Al Blaustein, Scenes from the Old Testament, 1953. Fresco. South Solon Meeting House (photo: Yvonne Laube).

In 1953, Al Blaustein was invited by Margaret Blake and the Skowhegan faculty to paint the North wall (on the right side when facing the pulpit). Blaustein’s fresco depicts scenes from the Old Testament—Job’s Suffering, the Foolish Men, the Burning Bush, Aaron’s Rod, the Sacrificial Lambs with the Tablets of the Ten Commandments, and, finally, the Sacrifice of Isaac. In preparation for his fresco, Blaustein carefully reread relevant passages of the Old Testament, studied earlier artworks, and consulted people conversant in the Scriptures (Cummings 47).
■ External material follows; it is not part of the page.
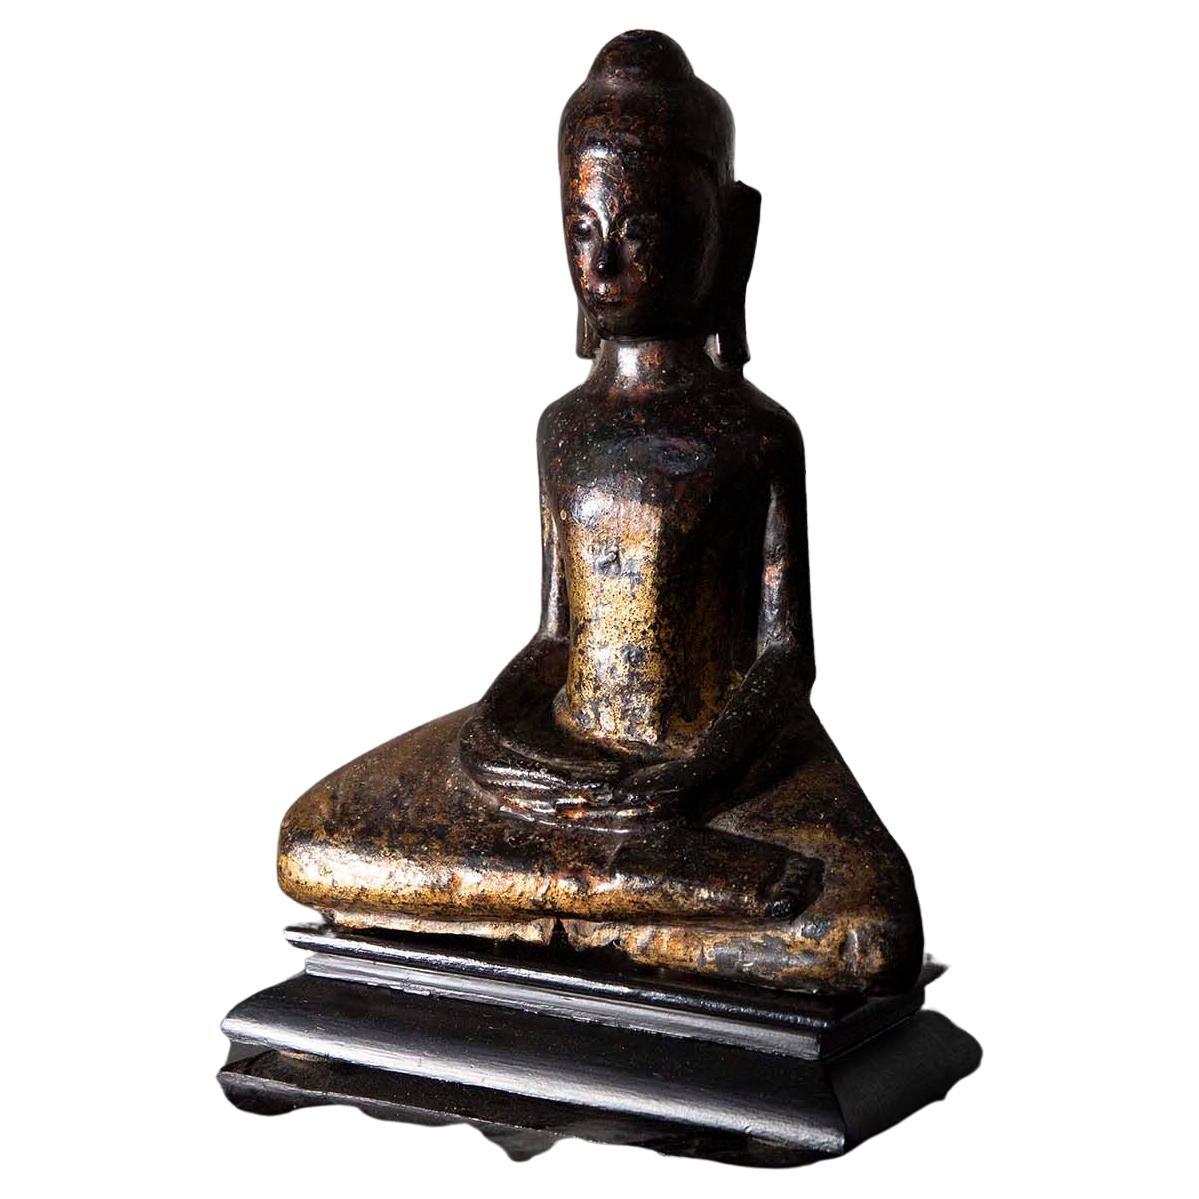   Dvaravati Meditation Buddha Statue in antique Thai

Al Blaustein, Scenes the Book of Job, 1953. South Solon Meeting House (photo: Yvonne Laube).

Scenes from The Book of Job

In the Book of Job, God boasts to the heavenly court about his faithful servant, Job, a wealthy man “who was perfect and uprights, and one that feared God, and eschewed evil” (Job 1:1). Satan questions God about Job’s faithfulness, for he is a wealthy man with many servants, livestock (sheep, oxen, donkeys, camels), and healthy children. Satan asks God: “Hast not thou made an hedge about him, and about his house, and about all that he hath on every side? thou hast blessed the work of his hands, and his substance is increased in the land. But put forth thine hand now, and touch all that he hath, and he will curse thee to thy face” (Job 1:10–11). Satan then wagers with God to test the truth and the strength of Job’s righteousness through a series of unjust punishments. Satan destroys all of Job’s livestock and kills his servants. While Job’s sons and daughters dine and feast at his eldest son’s house, Satan torments Job by destroying his house and killing all of his children. However, Job does not lose faith. Next, Satan plagues Job with boils and sores, hoping that cursing his physical body would break his faith. Despite his grief and physical suffering, Job does not curse God and his faith remains intact.

Al Blaustein, details from his frescoes with scenes from the Book of Job. 1953. South Solon Meeting House (photos: Yvonne Laube).

Blaustein begins his visual narrative with Satan’s first attacks on Job. Starting at the top of the wall, we see a burning building collapsing, depicted as geometric shapes that fold on top of one another. Blaustein does not depict Job’s children inside the wreckage. However, he does include a naked woman and a child, their bodies contorted, painted with red blotches of color and sickly greens. We also see animals, alluding to the loss of Job’s livestock.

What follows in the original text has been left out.